Information available to me indicates that CCA Johnson attempted to discuss an
IRR that he received from you; however, you took the IRR and a copy of your
TASC orders and said that you were not going to argue about it. CCA Johnson
has indicated that he never saw the IRR or TASC order again and that he thought
the issue was over with; CCA Johnson refutes your allegations that he threw the
IRR away. I suggest that you request to talk to your housing unit FUM or
Caseworker if you have any questions regarding your eligibility for assignment to
HU #5A (Honor Dorm). Your request for remedy is denied at this time.
(ECF No. 121-4, P. 2).
On August 31, 2011, Hall conducted a random pat search of Plaintiff, and found he was
carrying a substantial amount of rolled-off state issue toilet tissue and one state issue brown
paper towel. (ECF No. 121, ¶ 48; ECF No. 121-5, P. 15). Hall allegedly considered this to be
contraband, and thus issued Plaintiff a CDV for violations of rules 22.1—Theft and 24.1—
Contraband. (Id.). Plaintiff was interviewed that same day, and prepared a written defense to the
CDV. (ECF No. 121, ¶¶ 49-50; ECF No. 121-5, PP. 15, 17). He was found guilty of the
violations at a hearing held on September 2, 2011. (ECF No. 121, ¶ 51).

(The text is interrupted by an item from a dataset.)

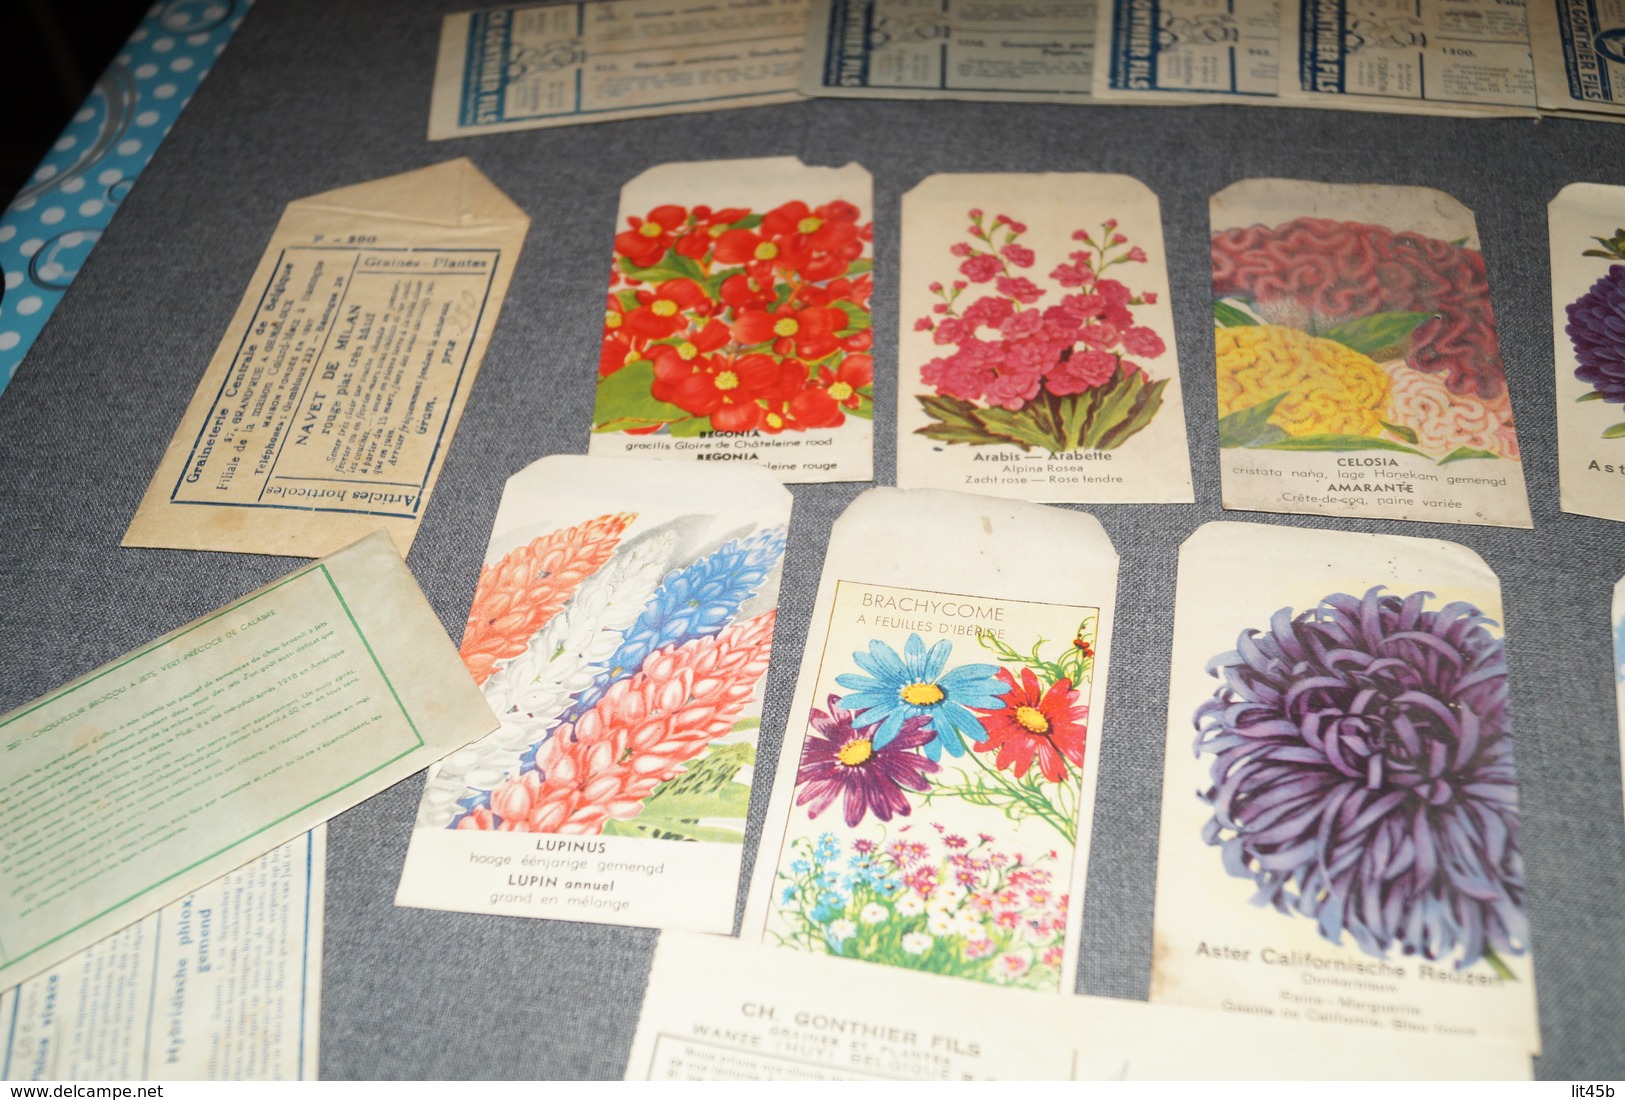 Très Beau Lot D'ancien Paquets De Semences (20),Fleurs,graines,Gonthier,etc...1947 Avec Facture D'époque,jardinage - Publicités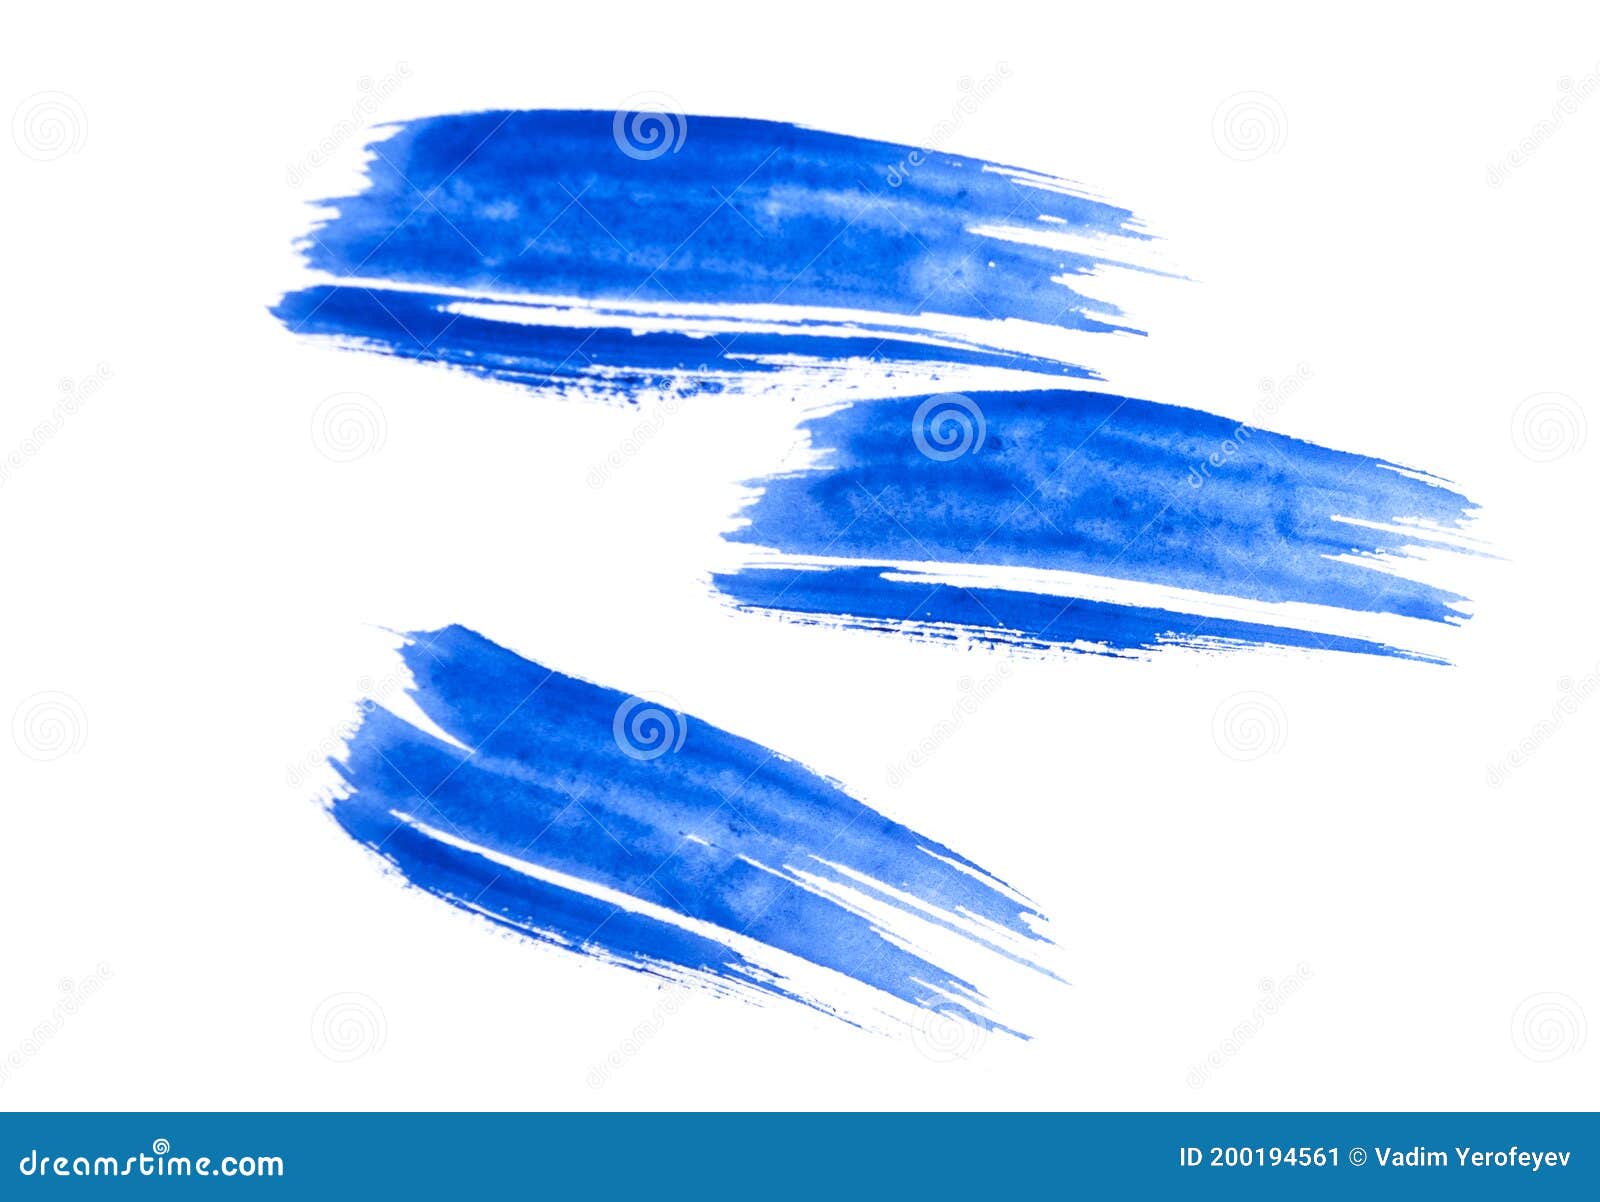 famélico ruido Regularmente Muchas De Las Formas De Pincel Pinceladas De Color Azul Aisladas En Fondo  Blanco Imagen de archivo - Imagen de copia, mancha: 200194561

On September 13, 2011, Plaintiff filed an IRR regarding the CDV, seeking dismissal and
expungement because he had no notice the items he carried were unauthorized. (ECF No. 121, ¶
52). The CDV was reviewed, and modified to contraband only. (Id., ¶ 53). Plaintiff filed a
grievance in regard to the CDV on November 8, 2011, which was denied on January 13, 2012.
(Id., ¶ 54). Plaintiff then filed a Grievance Appeal, and on February 28, 2012, the Deputy
Division Director found there was insufficient evidence to support the CDV and ordered that it
be dismissed and expunged. (Id., ¶¶ 55, 56).
On November 4, 2011, Plaintiff filed an IRR regarding his complaint that on November
1, 2011, at approximately 9:00 p.m., his cell was searched by Hall and CO Leach. (ECF No.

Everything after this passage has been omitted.